Is the content focus preventing DALL-E from being a genius artist? If I were to tell you about a person who can create beautiful and vivid images of anything you ask of her and even perfectly imitate the style of other artists, the word “genius” would not be far off your tongue. Still, it seems a totally inappropriate description of DALL-E. In fact, I’ve only seen it attributed to DALL-E when it was in Comic Genius. Why is that? What is a brilliant artist doing that is so alien to DALL-E? The genius artist sets an aesthetic standard and opens up new avenues of sensibility, showing in the work itself an example of the logic of this new kind of sensibility. The genius in this sense is an instructive figure whose primary means of education is the work of art. DALL-E may teach us many things about the generative abilities of machines, but it is instinctively obvious that it cannot teach us anything about our own sensibilities. Looking at the images generated by DALL-E, one does not get the impression that there is still much to learn about beauty. One marvels at the flawless technical work. This draws on something common to our expectations of AI, that it is an alien and independent producer of meaning. On that front, it’s almost certainly doomed to disappoint. Where the lack of meaning we experience prompts us to create meaning, the lack of meaning has a positive, productive presence; the insignificance in a deep learning model remains completely negative, it cannot do anything with it.

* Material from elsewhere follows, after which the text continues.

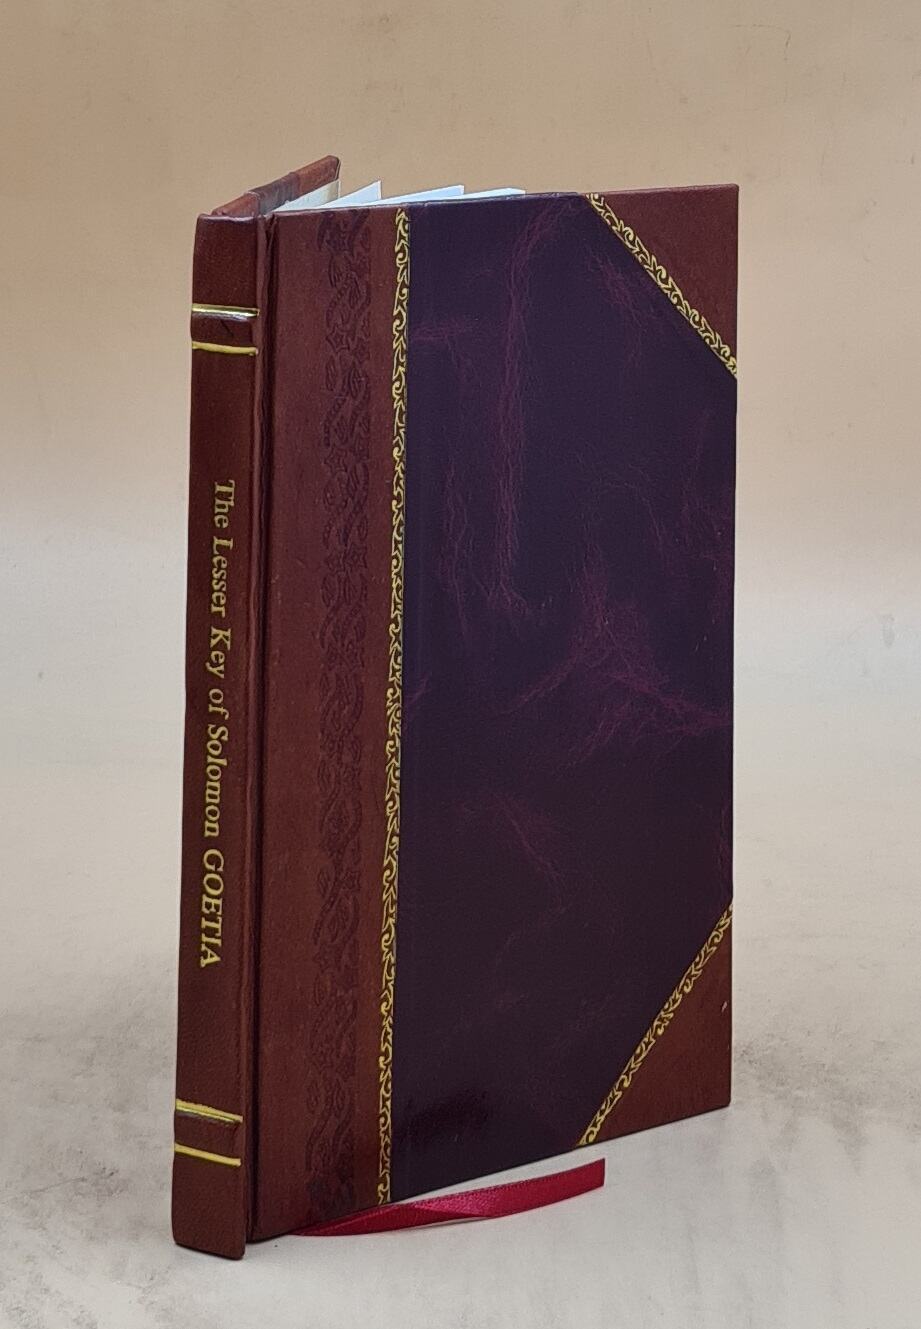 The Lesser Key of Solomon Goetia The Book of Evil Spirits 1916 [LEATHER BOUND]

So, if not an artistic genius, why do some feel that DALL-E is a “comics genius”? DALL-E opens up some interesting and dangerous avenues of human endeavors, mainly related to the fate of visual artists in our society. But we should focus on what it is now, on that actually existing AI, so to speak. Currently, DALL-E could best be characterized as a meme machine. Most content created with DALL-E is what you call “high-effort memes”: something stupid that requires a lot of work. (There’s the famous example of “The Bee Movie, but every time someone says bee, it speeds up,” and its many, many variations.) As Wikipedia puts it: “Most coverage of DALL-E is focused to a small subset of ‘surreal’ or ‘quirky’ issues.” That’s no coincidence. When we are presented with something that converts our wildest thoughts into images, the first instinct is to do something absurd. (Of course, this is only true because OpenAI has banned pornographic solicitations. After porn, gaming is the most popular use of technology.) So we ask for an avocado on a lawn chair, Hegel on a bagel, or two baked potatoes at a business meeting. These intentionally silly prompts have an interesting effect when built into a powerful, cutting-edge piece of technology. There’s an inherent incongruity about it. The material is absolutely ludicrous, while the machine that operates it is as serious as it gets. The highest is connected to the lowest. As Herbert Spencer points out in his Physiology of Laughter (1860), which is generally pretty funny. As it stands now, DALL-E is an invitation for us to play, and it’s fun to play with something very serious. DALL-E could be a comic genius because, in the manner of a good comic actor, he can turn plain old nonsense into comedy gold. In the end, both are about performance.